Aim of the task »
The listing below is to be duplicated exactly, with every picture omitted.
Source material below:
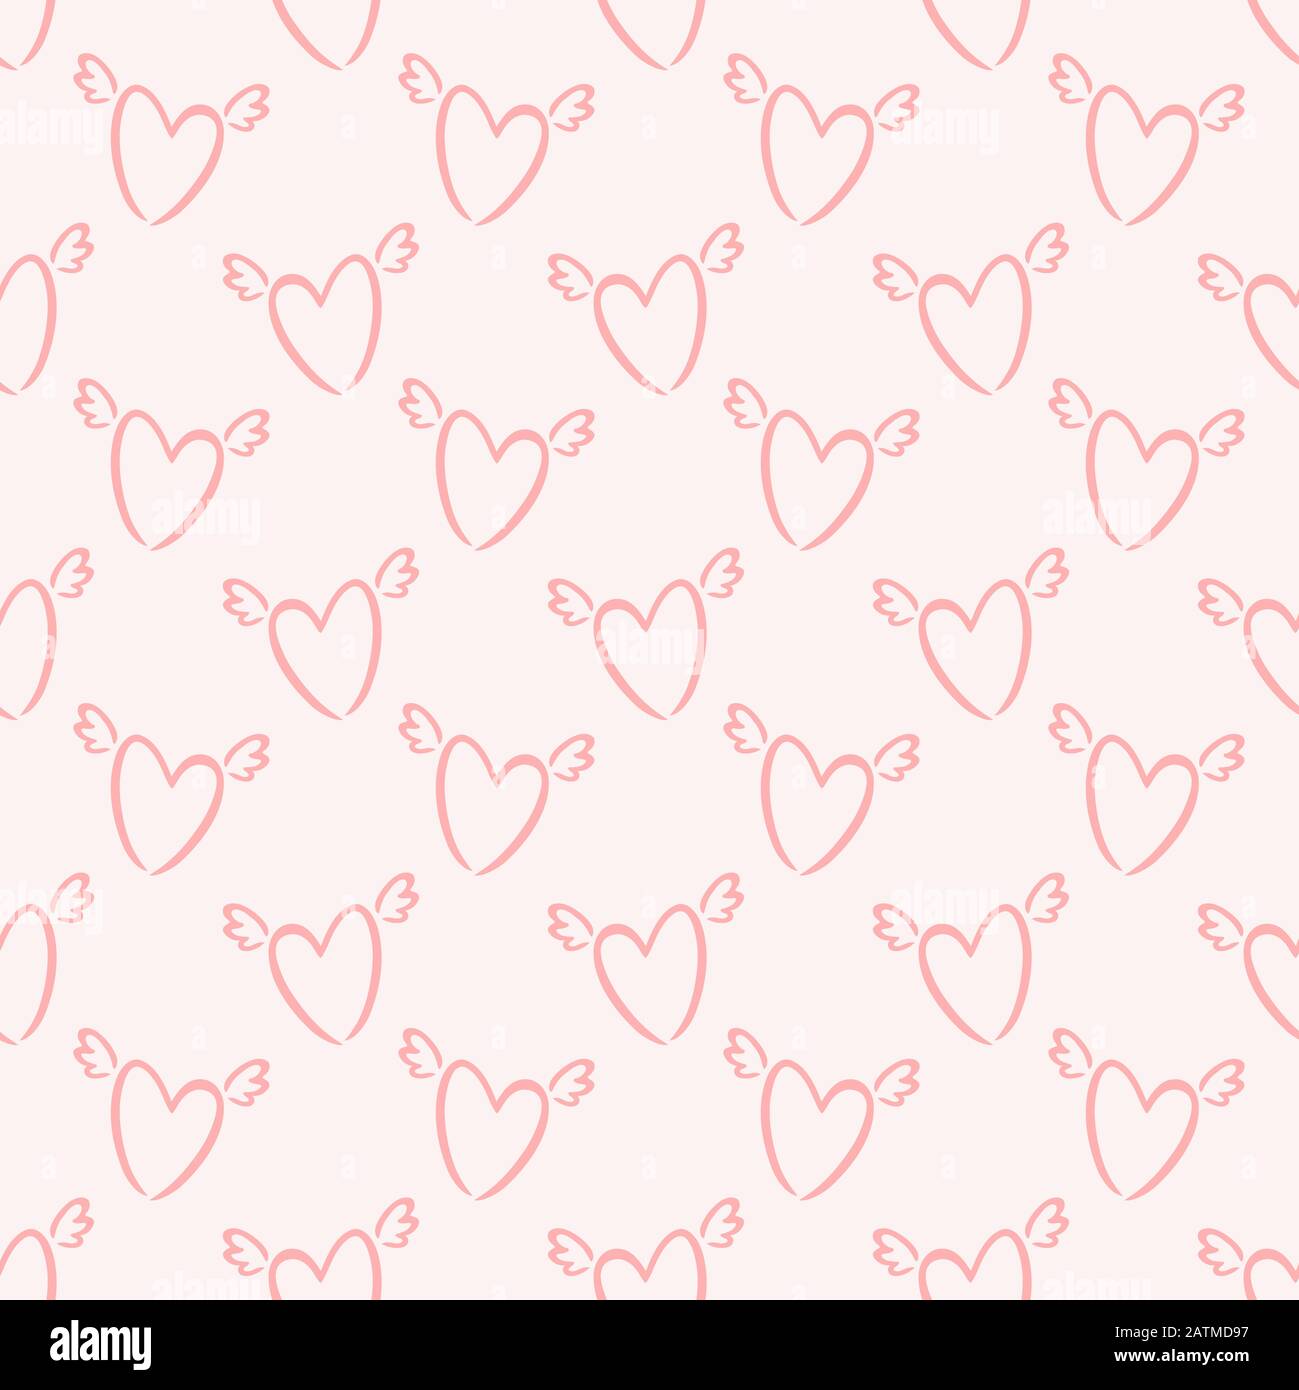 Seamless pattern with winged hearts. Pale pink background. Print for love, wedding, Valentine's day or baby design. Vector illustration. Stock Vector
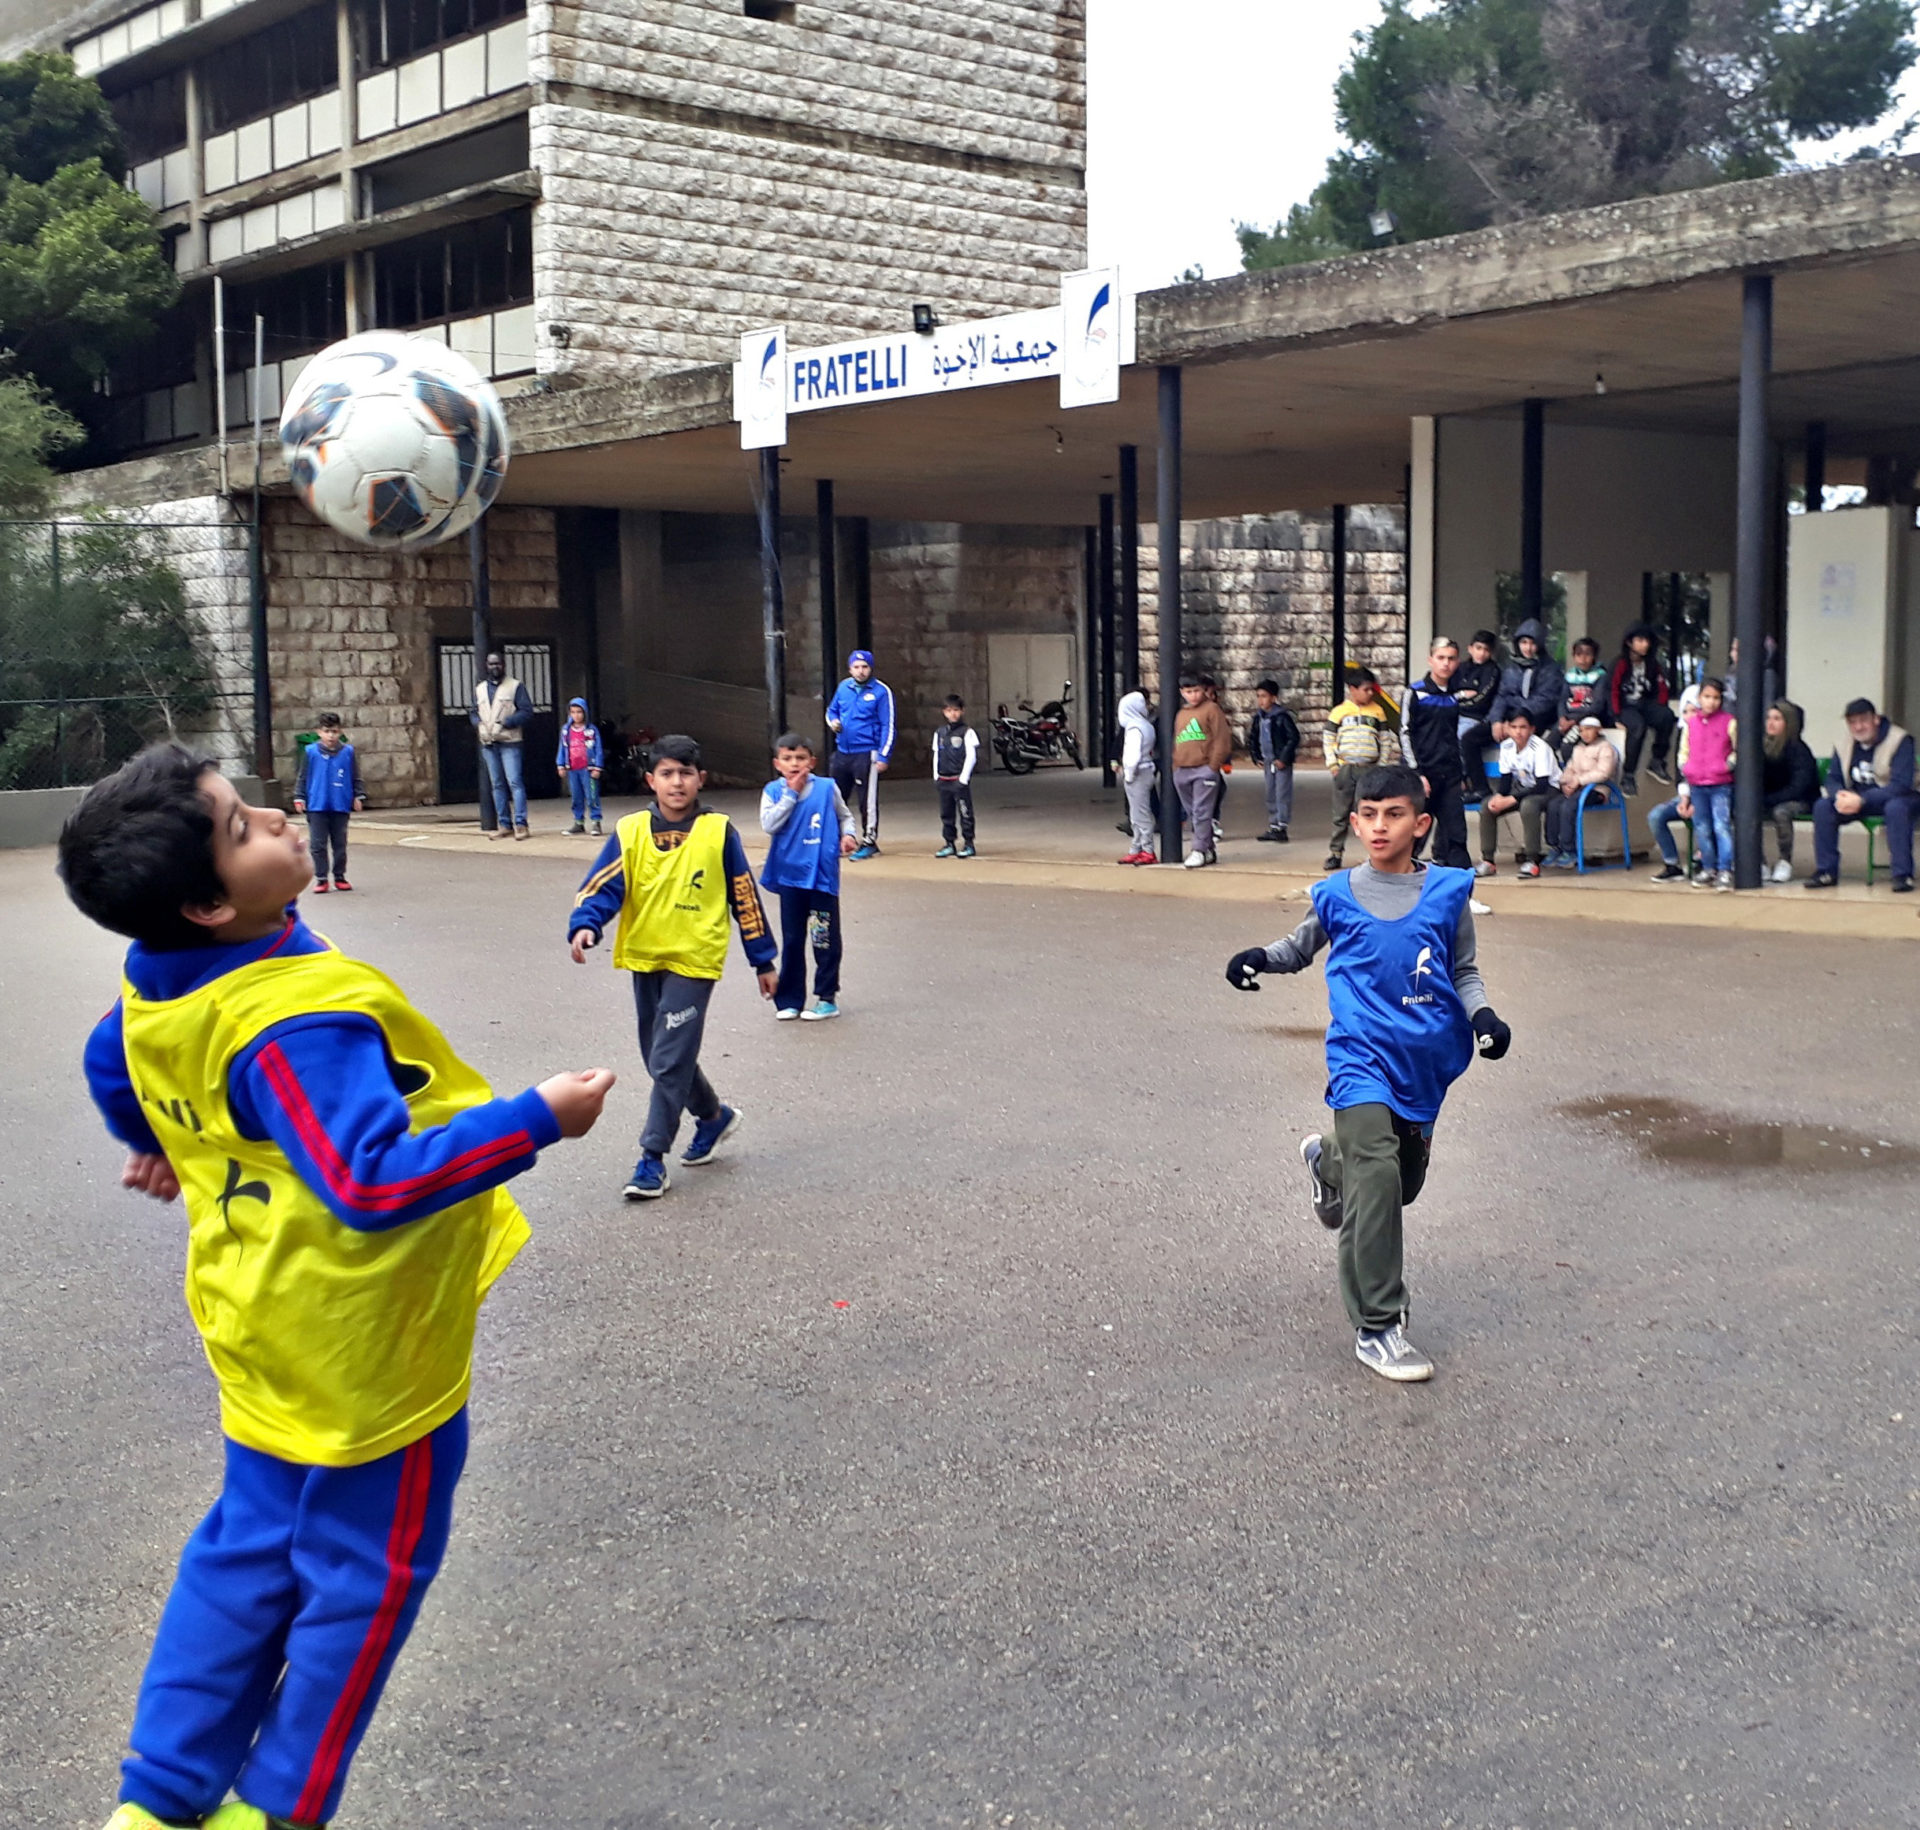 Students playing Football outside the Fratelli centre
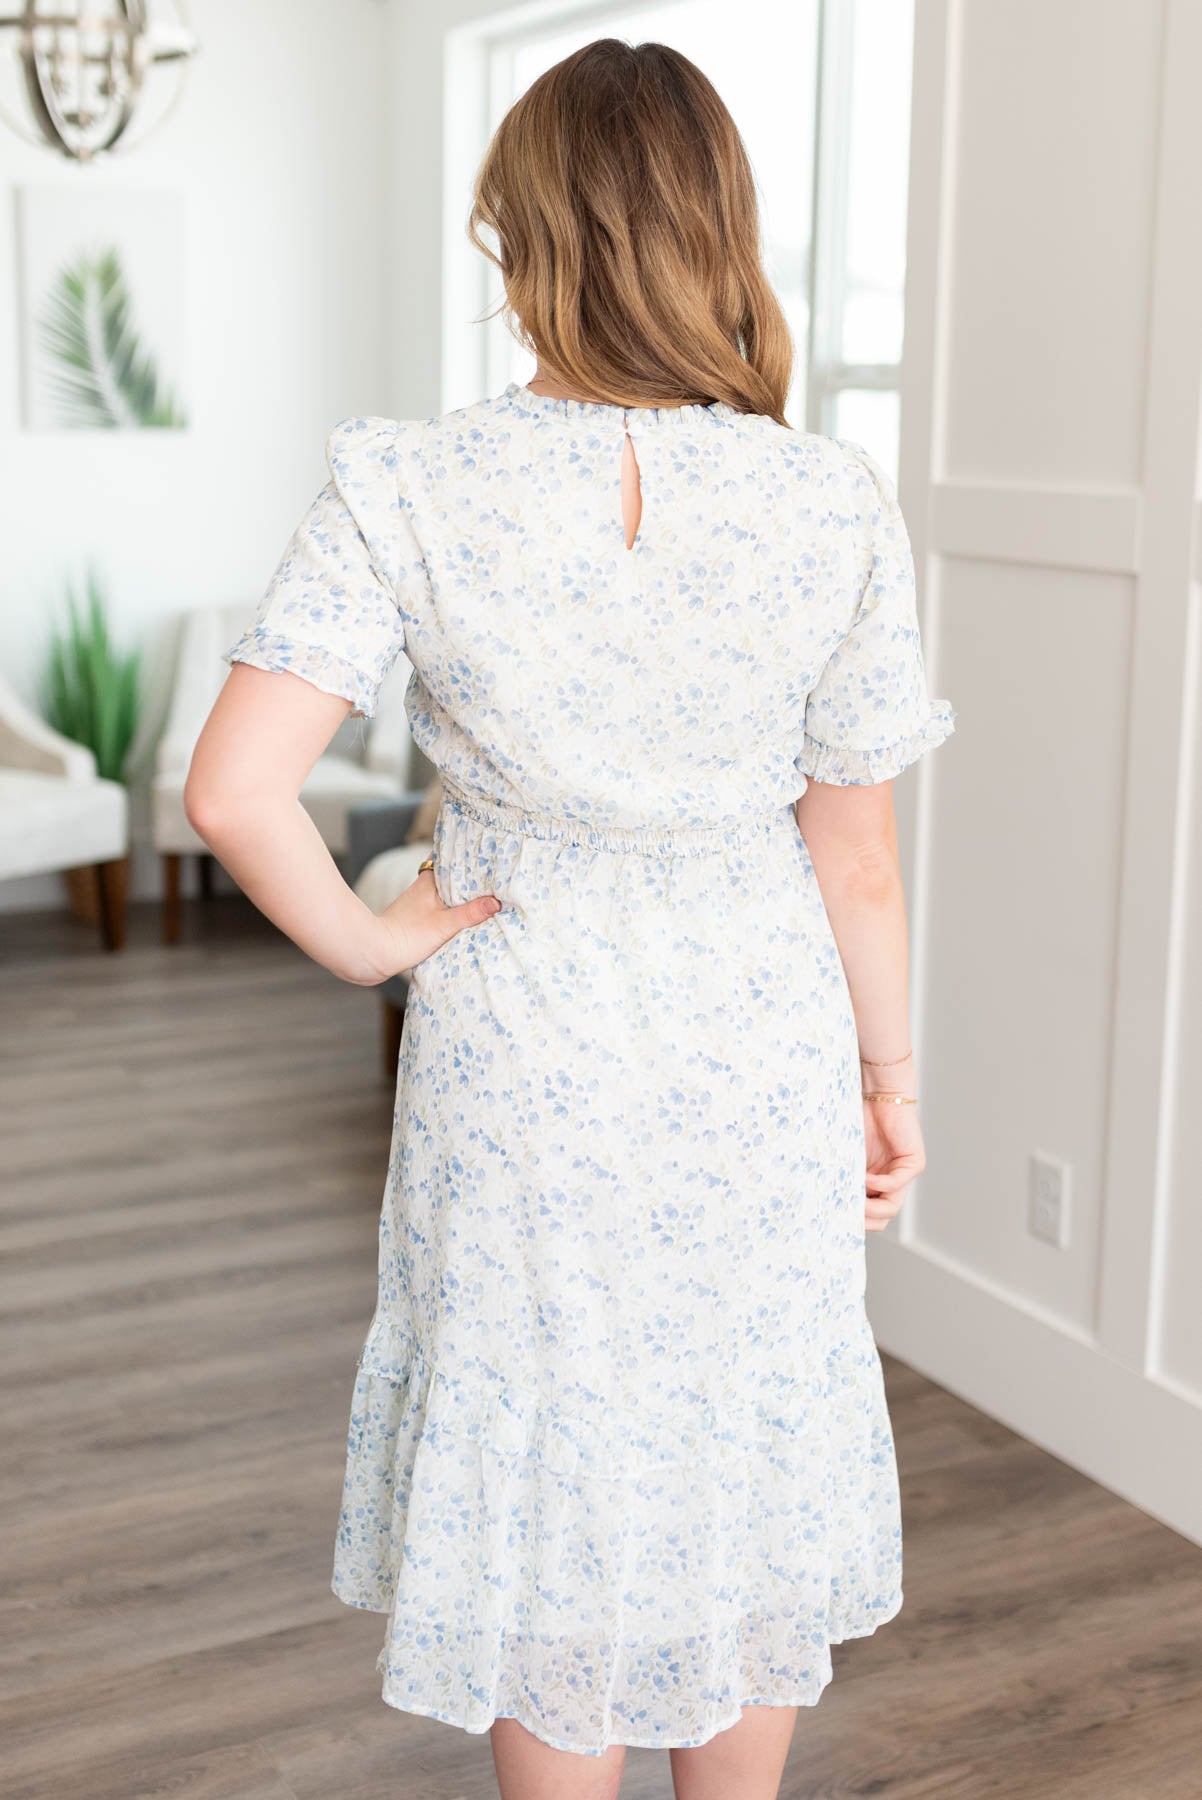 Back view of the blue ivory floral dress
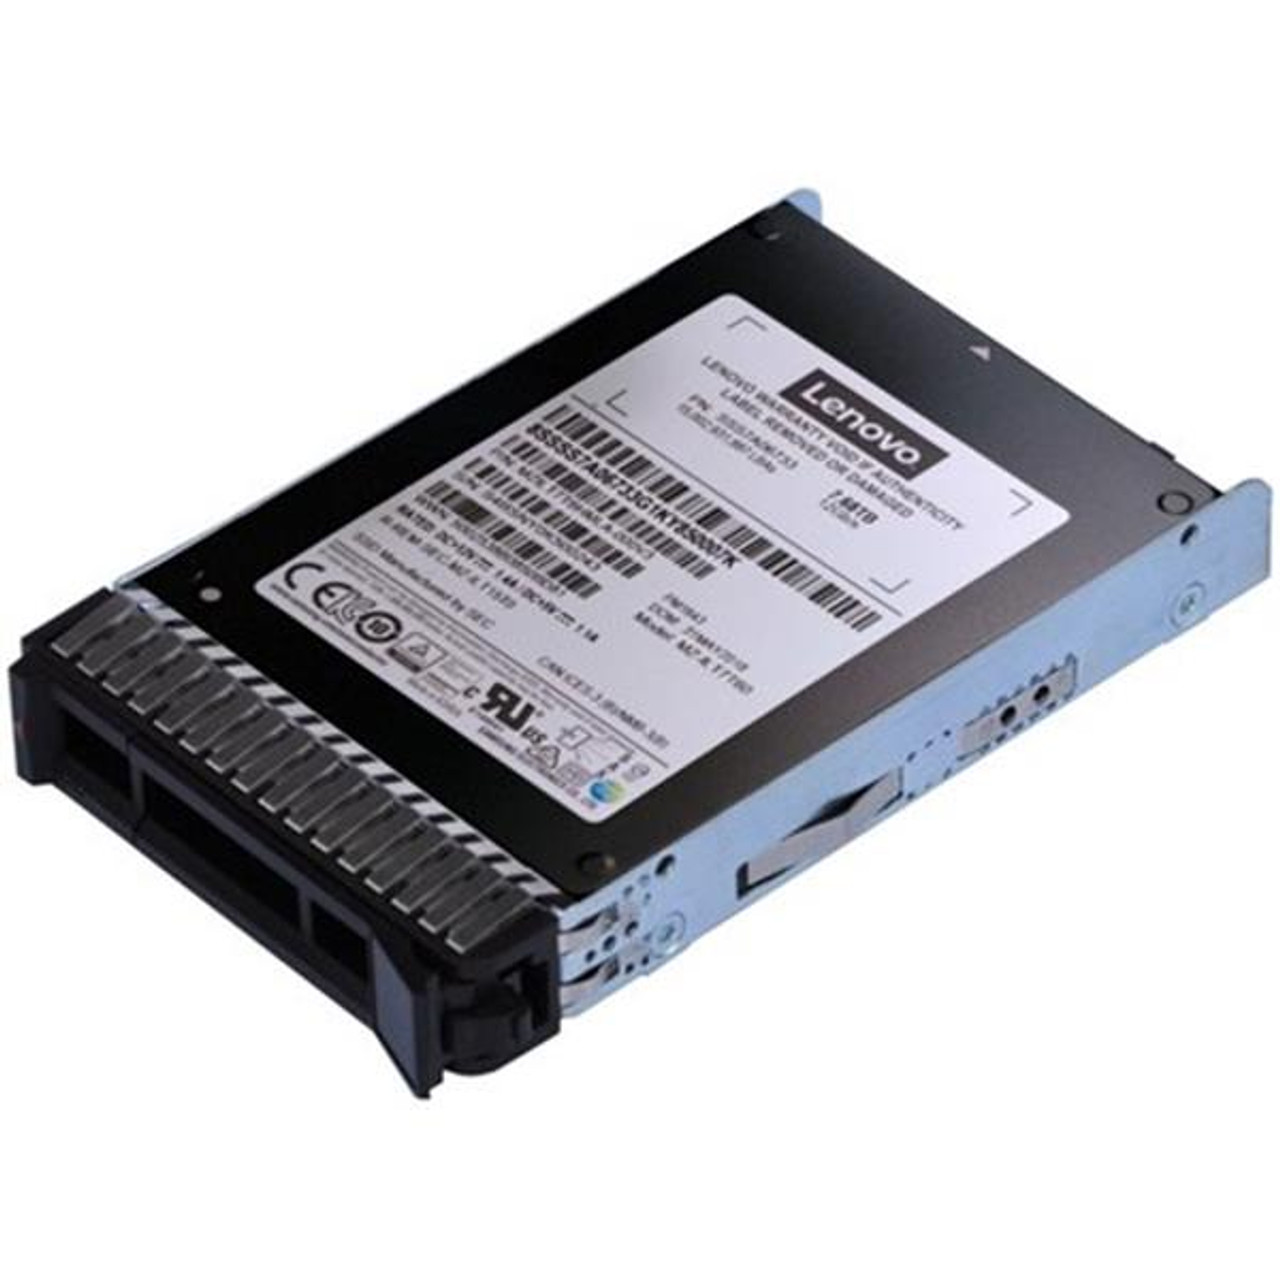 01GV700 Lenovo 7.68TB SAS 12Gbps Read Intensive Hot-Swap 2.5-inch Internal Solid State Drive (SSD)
End of Source material.
Finished task »
 Seamless pattern with winged hearts. Pale pink background. Print for love, wedding, Valentine's day or baby design. Vector illustration. Stock Vector
 Students playing Football outside the Fratelli centre
 Back view of the blue ivory floral dress
 01GV700 Lenovo 7.68TB SAS 12Gbps Read Intensive Hot-Swap 2.5-inch Internal Solid State Drive (SSD)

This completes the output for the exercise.